Figure 2.1: Welcome Perspective of RapidMiner.
The lower section shows current news about RapidMiner, if you have an Internet connection. The list in the
centre shows the analysis processes recently worked upon. This is practical if you wish to continue working
on or execute one of these processes. The upper section shows typical actions:
1. New: Start a new analysis process.
2. Open Recent: Opens the process which is selected in the list below the actions.

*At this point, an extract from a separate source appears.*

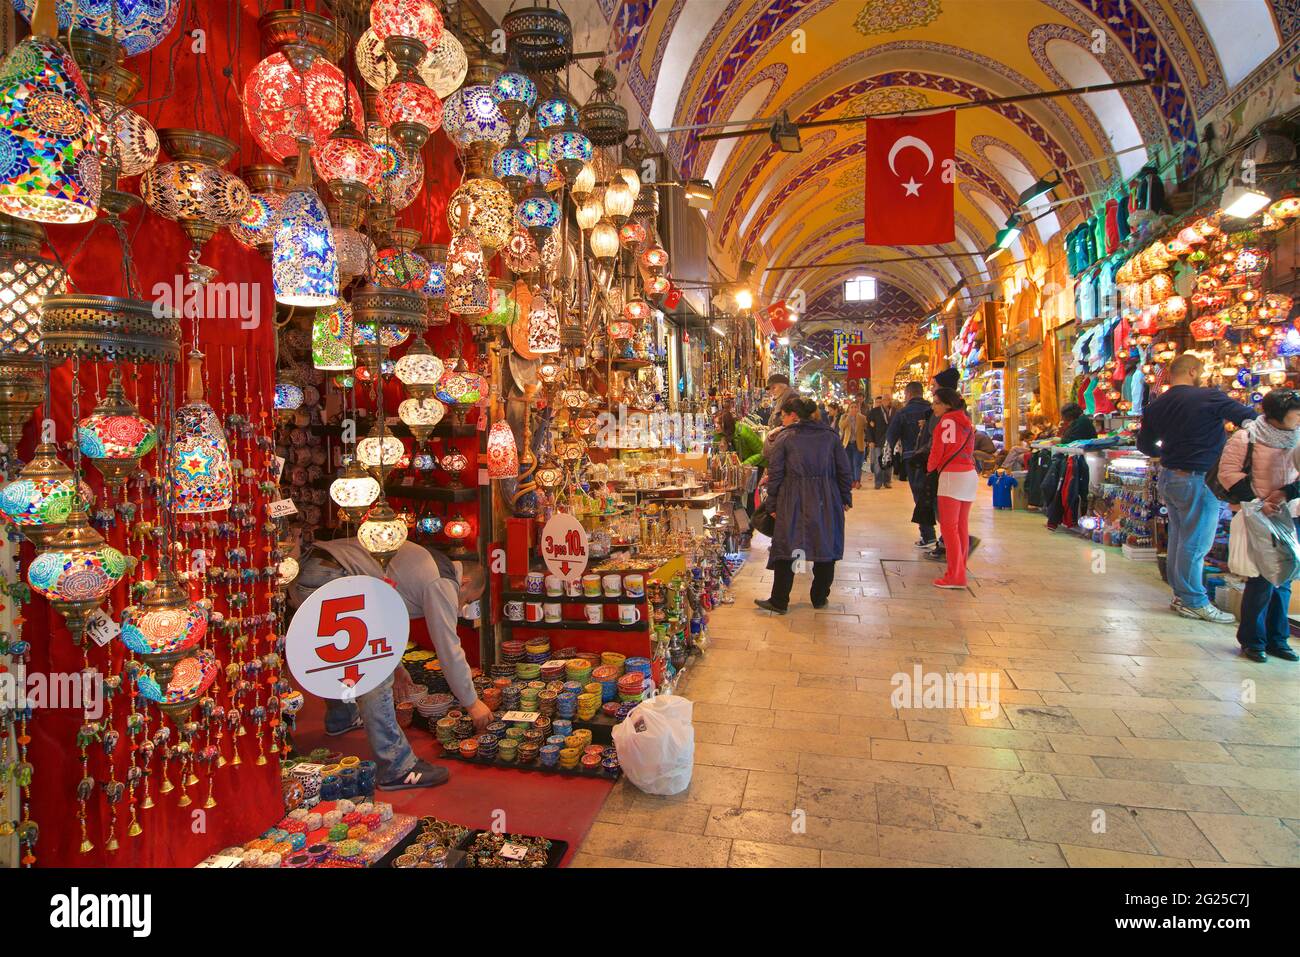 Grand choix de lanternes en verre à vendre dans le Grand Bazar, Kapali Carsi, Istanbul, Turquie Banque D'Images

3. Open: Opens the repository browser and allows you to select a process to be opened within the
process Design Perspective.
4. Open Template: Shows a selection of different pre‐defined analysis processes,
which can be configured in a few clicks.
5. Online Tutorial: Starts a tutorial which can be used directly within RapidMiner
At the right‐hand side of the toolbar you will find three icons which switch between the individual
RapidMiner perspectives. The icons shown here take you to the following perspectives
1. Design Perspective: This is the central RapidMiner perspective where all analysis processes are
created and managed.
2. Result Perspective: If a process supplies results in the form of data, models or the like, then
RapidMiner takes you to this Result Perspective, where you can look at several results at the same
time.
3. Welcome Perspective: The Welcome Perspective welcomes you with after starting the program.
You can switch to the desired perspective by clicking inside the toolbar. Now switch to the Design Perspective by clicking in the toolbar. You would now see the following screen:
Figure 2.2: Design Perspective of RapidMiner.
As you can see in Figure 2.2, there are two very central views in this area which are described in the following. In the Process View it is possible to see the process you are creating. All work steps (operators) available in RapidMiner are presented in groups in the Operators View and can therefore be included in the current process. If RapidMiner has been extended with one of the available extensions, then the additional operators can also be found here. You can select operators and add them in the desired place in the process by simply dragging and dropping, or with double click on an operator. The connections can be made manually by the user, just click on an output port and you can draw an orange strand. Click on an input port in order to connect the selected output port with this input port (Figure 2.3).
Figure 2.3: Click on an output port in order to connect, right click to cancel.
Numerous operators require one or several parameters to be set. For example, operators that read data (i.e. read log) from file require the file path to be indicated. After an operator offering parameters has been selected in the Process View, its parameters are shown in the Parameter View (See Figure 2.4). Like the other views, this view also has its own toolbar which is described in the following. Under the toolbar you will find the icon and name of the operator currently selected followed by the actual parameters. Bold font means that the parameter must absolutely be defined by the analyst and has no default value, for example, as you can see in the following Figure, the first parameter ‘logverbosity’ and the second ‘logfile’. Italic font means that the parameter is classified as an expert parameter and should not necessarily be changed by beginners to data analysis, for example the parameters: ‘resultfile’, ‘random seed’, ‘send email’ and ‘encoding’. The help window is very important, within the Help View, each time you select an operator, shows a description of this operator.
Figure 2.4: Parameters of the currently selected operator are set in the parameter view.
3. INTEGRATION WITH ProM If you are reading this tutorial, you probably have already some experience with ProM, but you should be interested to use its plugins within Rapid Miner. As such it has been decided to integrate various plugin of the process mining framework ProM 6 within RapidMiner. Therefore, as shown in Figure 3.1, the folder named “ProM 6” contains operators which allow for running ProM 6 plugins.
Figure 3.1: Design Perspective with ProM6 folder. This folder contains operators in order to run ProM 6 plugin.
With a double click on the folder ProM 6 we can see all the operators grouped in the subfolder:
Context: contains the ProM Context operator. This operator is needed for starting an instance of ProM 6. Several operators require a context in order to run.
Import: contains operator in order to read ProM object from disk (e.g. a log or a Petri Net).
Mining: contains ProM mining plugins (e.g. Alpha Miner, ILP Miner).
Analysis: contains algorithms analysing, one or more ProM Object (e.g. calculating the fitness for a log and a Petri Net.
Export: contains operators in order to export logs or PNML files.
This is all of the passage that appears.